1. For Princess Bride Fans: Cary Elwes’ Memoir of Making the Film
After the awful news that Rob Reiner and his wife, Michele Singer Reiner, were killed, I found myself revisiting his incredible body of work. His legendary run puts him among the greats: This Is Spinal Tap, Stand by Me, The Princess Bride, When Harry Met Sally, Misery, A Few Good Men. Many of my favorite moments come from these films, and from sharing them with my loved ones.
Of these, I’ve probably seen The Princess Bride the most, so when I found out that Cary Elwes wrote a memoir about the making of it, I had to read it. It’s a very fun book and a fast read. And if you haven’t seen the film yet, you have to watch it soon. Chances are, you’ll want to read the book afterwards. [Liberty]
2. Alpha School: The Modern, Effective, AI-Enabled Way to Educate Our Kids?

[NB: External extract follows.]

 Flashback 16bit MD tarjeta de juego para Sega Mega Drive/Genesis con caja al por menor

As a parent of two school-age boys, I often think about how our education system could be improved. Over the years, I’ve heard about a lot of alternatives to traditional schooling, but few have intrigued me as much as Alpha School, which was founded in 2014 by MacKenzie Price and is now led by principal Joe Liemandt, better known as the founder of Trilogy Software. He’s made scaling this educational model to a billion kids his life’s mission.
It’s hard to summarize Alpha without it sounding a bit bonkers, because it’s the opposite of how most of us grew up. The short version: they use software and AI to deliver individualized, mastery-based education and compress core academics into 2 hours per day so that students can spend the rest of the day working on passion projects to develop “life skills” and “love school”. The longer explanation is more convincing, and the reasoning behind those choices makes a lot of sense, so I encourage you to listen to the interview above. If you want to go deeper, read this profile in Colossus. [Liberty]

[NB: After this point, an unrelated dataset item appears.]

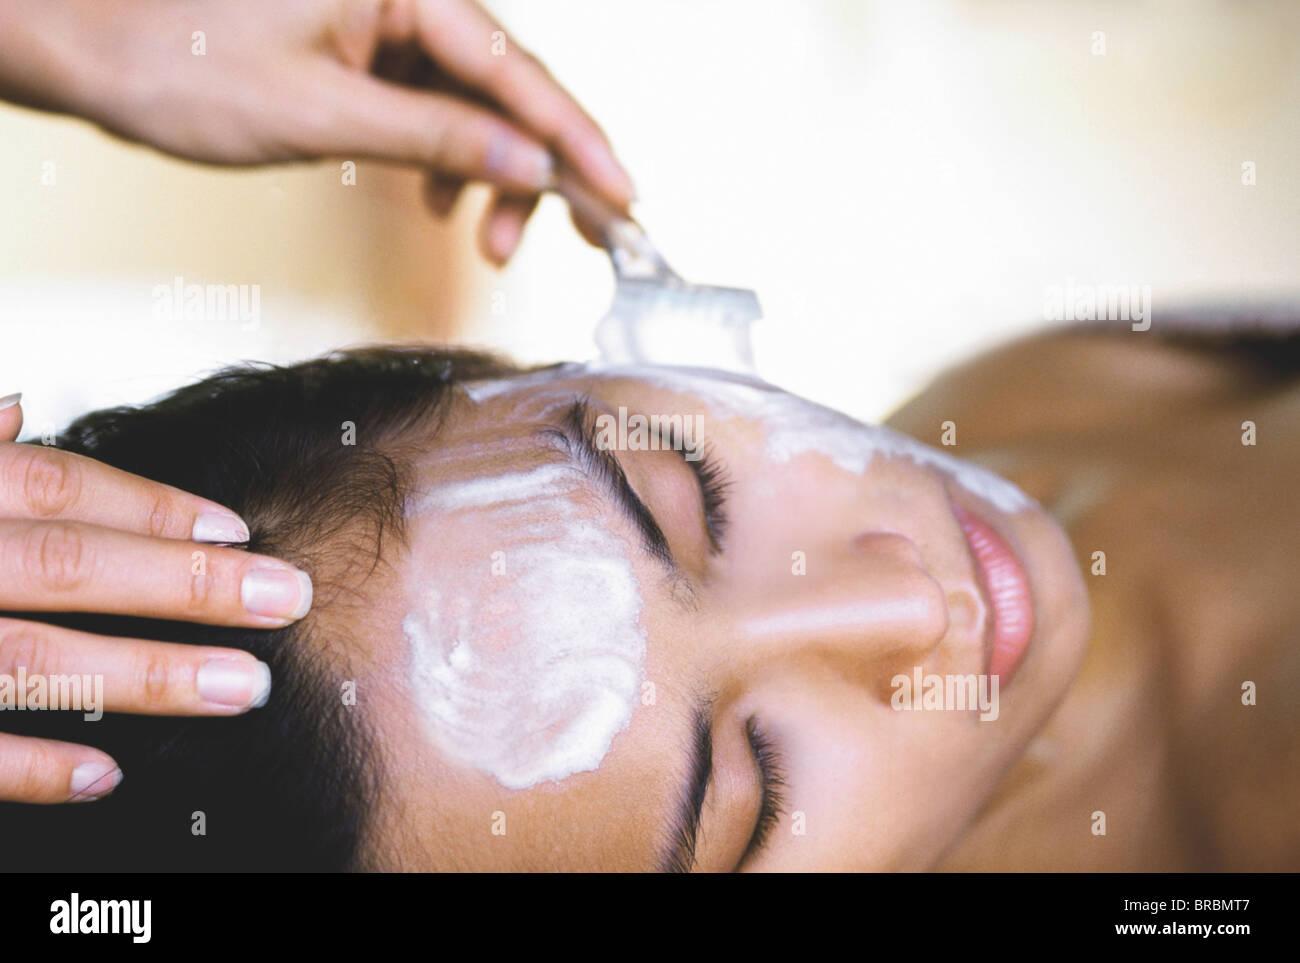 Woman having a facial, Kirana Spa, Indonesia - Stock Image

3. After 48 Years in Space, Voyager 1 is Nearing One-Light-Day from Earth
Voyager 1 is a space probe that was launched by NASA on a Titan IIIE rocket on September 5, 1977. The goal was to study the outer solar system, so it made flybys of Jupiter, Saturn, and Saturn’s largest moon, Titan. It studied the weather, magnetic fields, and rings of the two gas giants and was the first probe to provide some of the first close-up images of their moons.

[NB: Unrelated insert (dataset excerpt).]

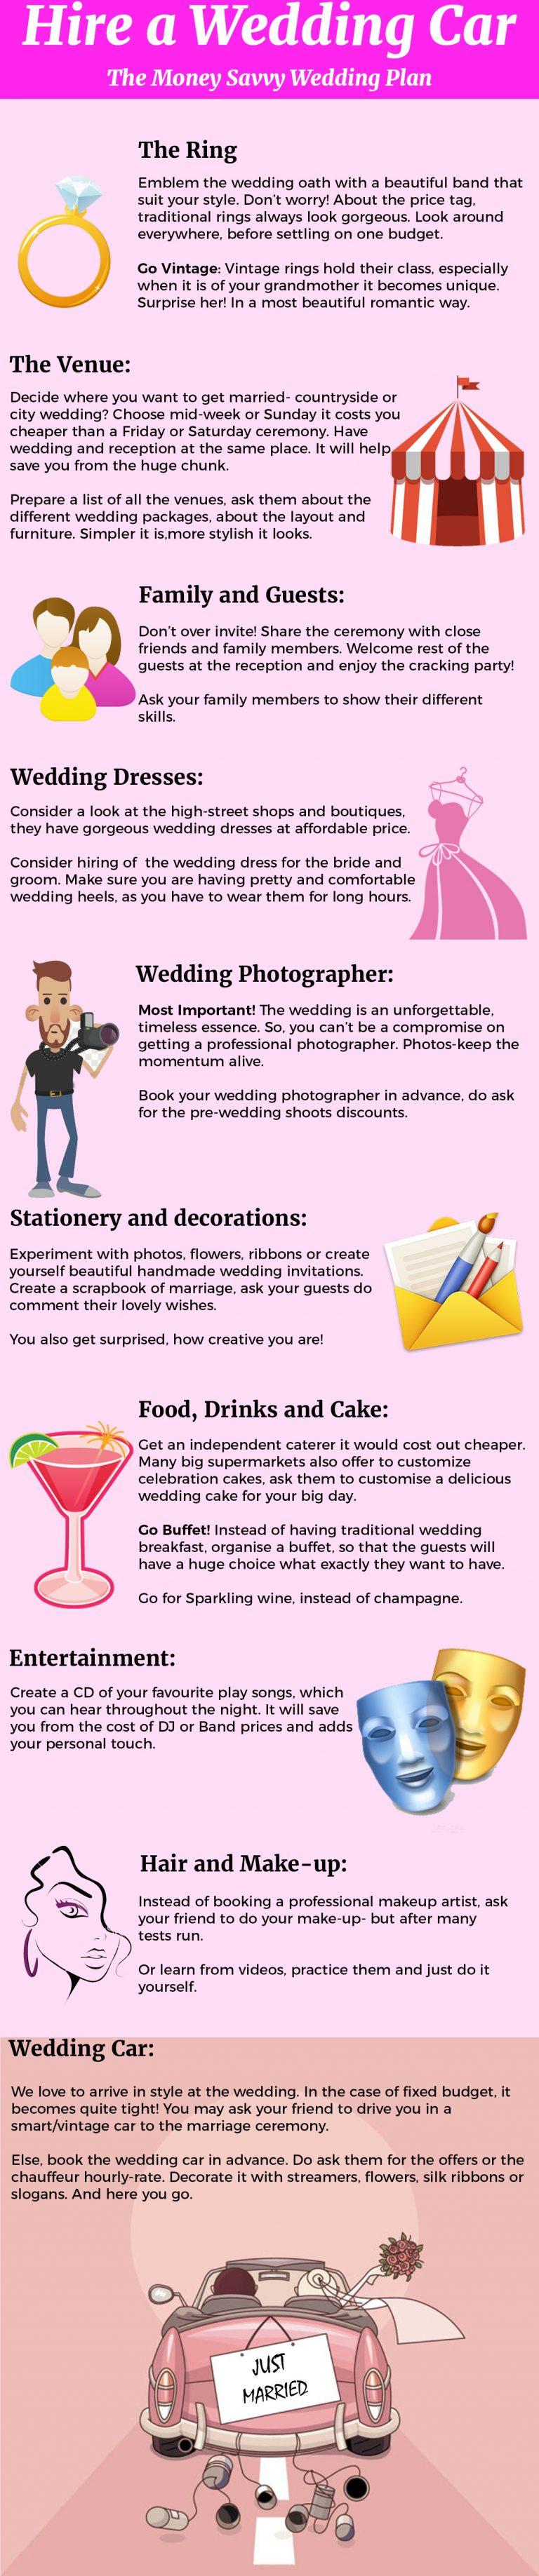 The Money Savvy Wedding Plan [Infographic]

After it was done with its mission, it kept going, becoming the farthest human-made object from Earth, traveling at a velocity of approximately 38,000 mph (about 61,000 km/h) relative to the Sun. It took the famous “Pale Blue Dot” photo on Feb 14, 1990, inspiring Carl Sagan’s famous reflection. After over 48 years of travel, it is approaching a milestone: Next November, it will reach one-light-day from Earth (25.9 billion km/16.1 billion miles)! [Liberty]
4. Charles Dickens + The Muppets
Looking to keep the classics alive for a new generation? Want a kid-friendly introduction to Dickens? This 1992 adaptation of Charles Dickens’ famous A Christmas Carol is surprisingly faithful and touching, even though most of the cast is made up of puppets (and a wonderful Michael Caine).
I didn’t see this film as a kid, so I had no nostalgia for it. But a few years ago, I asked people on Twitter what their favorite Christmas films were, and this one came up a lot. I watched it with my family, and we were so delighted by it that we’ve watched it every year since. If you’re looking for a new tradition, give The Muppet Christmas Carol a try! The lessons taught by the ghosts of Christmas Past, Present, and Yet to Come are just as applicable now as they were in 1843. 🎄 [Liberty]
5. Mount Analogue: A Novel of Symbolically Authentic Non-Euclidean Adventures in Mountain Climbing
If you like Borges and you’re a hiker—or drawn to travel adventures—but you’re also the sort of person who takes a couple of books with you (and buys one at the airport, another at the destination, and yet another on the way back), and you’re a wordsmith, or fond of double entendres, or you have that slightly unsettling habit of thinking about language on a meta level—suspecting, perhaps, that language is a kind of virus and your brain merely its host—well, this book is for you.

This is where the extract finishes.